During his Asian travels, Kishinchand was also known to spice up a party with an Elvis impersonation with a decidedly Indian flavor.

From parties to an opening of nightclubs, "The King" would make an appearance.

"I usually sing a couple of songs here and there, and I like the slow songs like 'Can't Help Falling in Love,' 'Surrender,' 'It's Now or Never'," says the Elvis fan.

He owns three sequined suits, in white, black and navy blue, impeccably made in Hong Kong.

While the Elvis suits have long been mothballed, customers keep coming back for the heady mix of magic and masala at his restaurant.

Other gigs in Shanghai have included a role as an Amazon tribal chief in a well-known Pepsi commercial with Brazilian soccer star Ronaldinho.

While the skyscrapers of Shanghai are currently home, like every Elvis impersonator, he says it's the bright lights of Las Vegas that occupy the dreams of this magician and rock-and-roll-crooner.

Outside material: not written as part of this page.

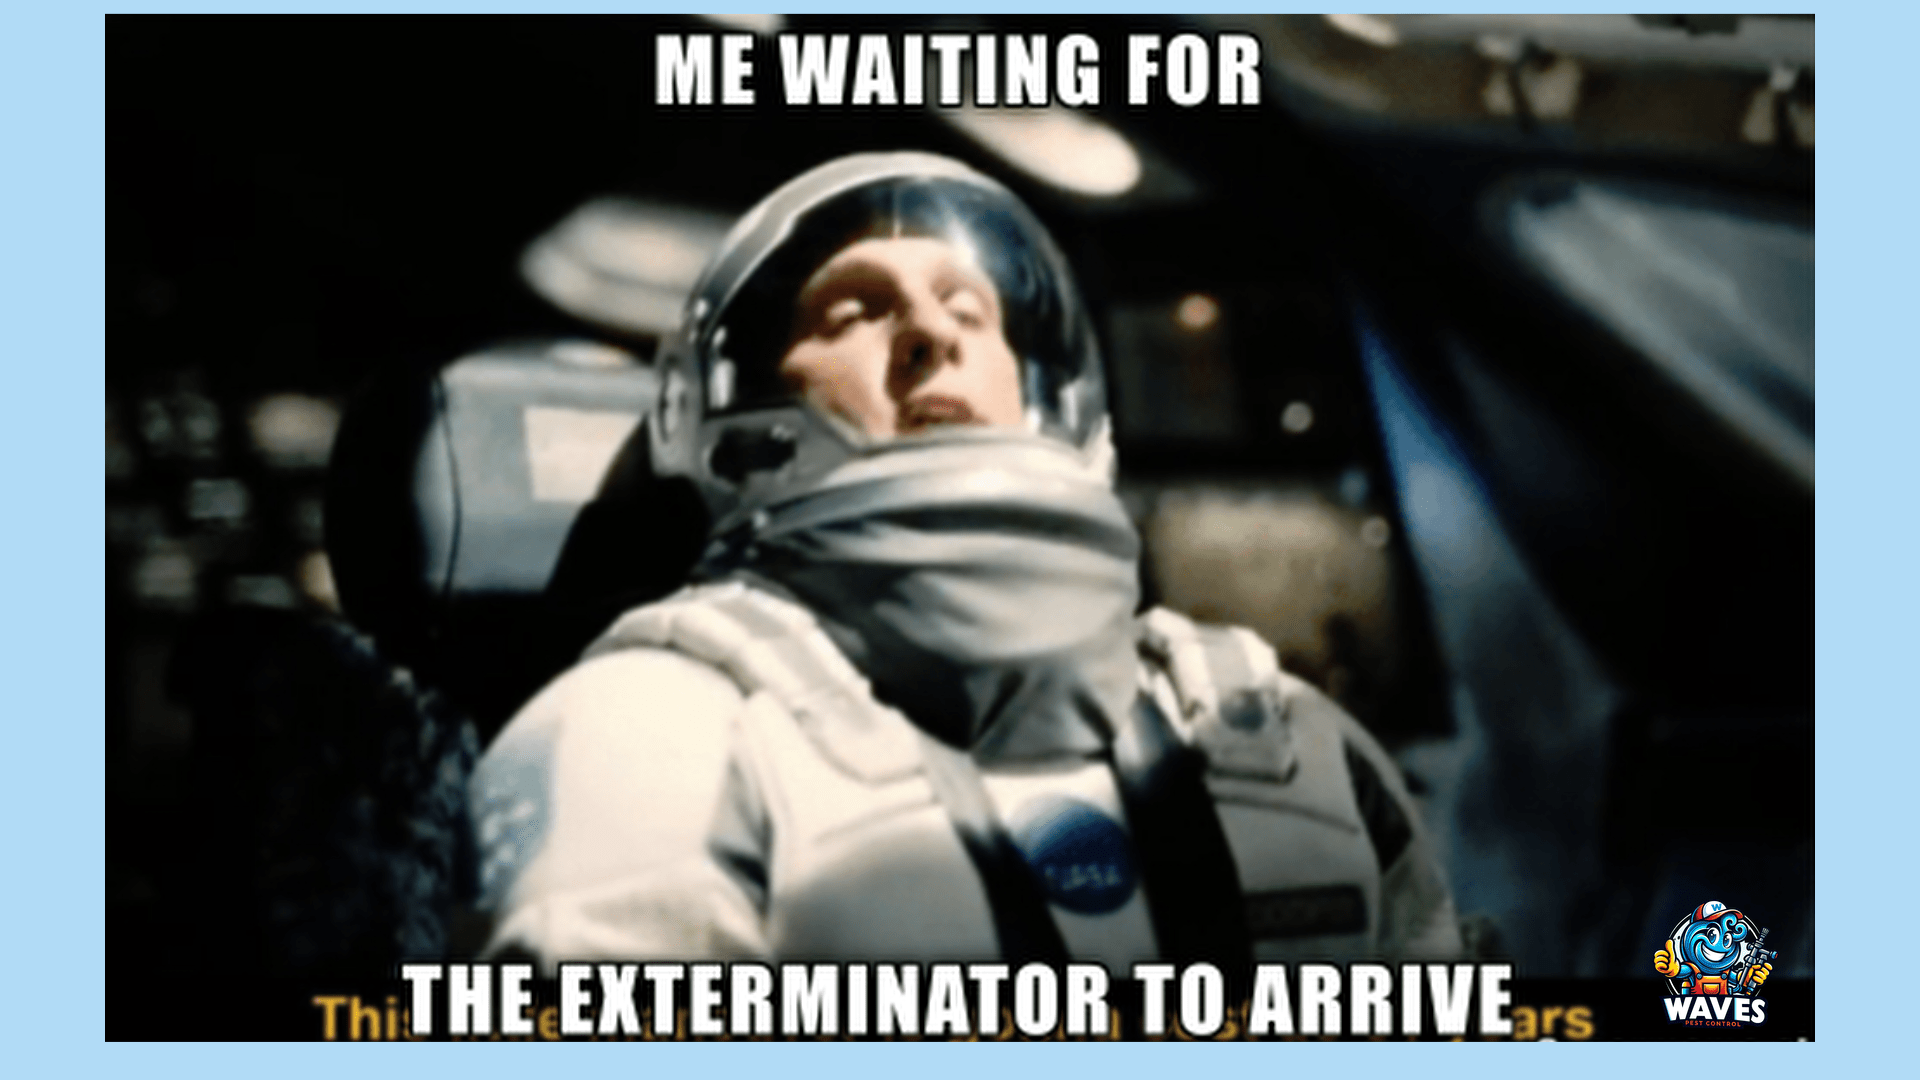 Astronaut in a helmet reclining with a weary expression, overlaid with the text 'ME WAITING FOR THE EXTERMINATOR TO ARRIVE.' Meme image with a humorous tone, referencing a delayed response, possibly for pest control services.

"My dream is to go to Vegas to control the roulette table - just kidding," he says.

To see some of Kishinchand's tricks, go to Shanghai Daily website at

Vic Kishinchand

Nationality: Indian

Profession: Restaurant owner

Age: 46


Self-description: A gifted Freak.

Favorite place: My home.

Strangest sight: Myself.

Motto for life: Is to tell the truth even when you LIE !

Worst experience: Getting fake notes from taxi drivers.

How to improve Shanghai: Opening up a casino.

Advice to newcomers: Don't trust your LANDLORD.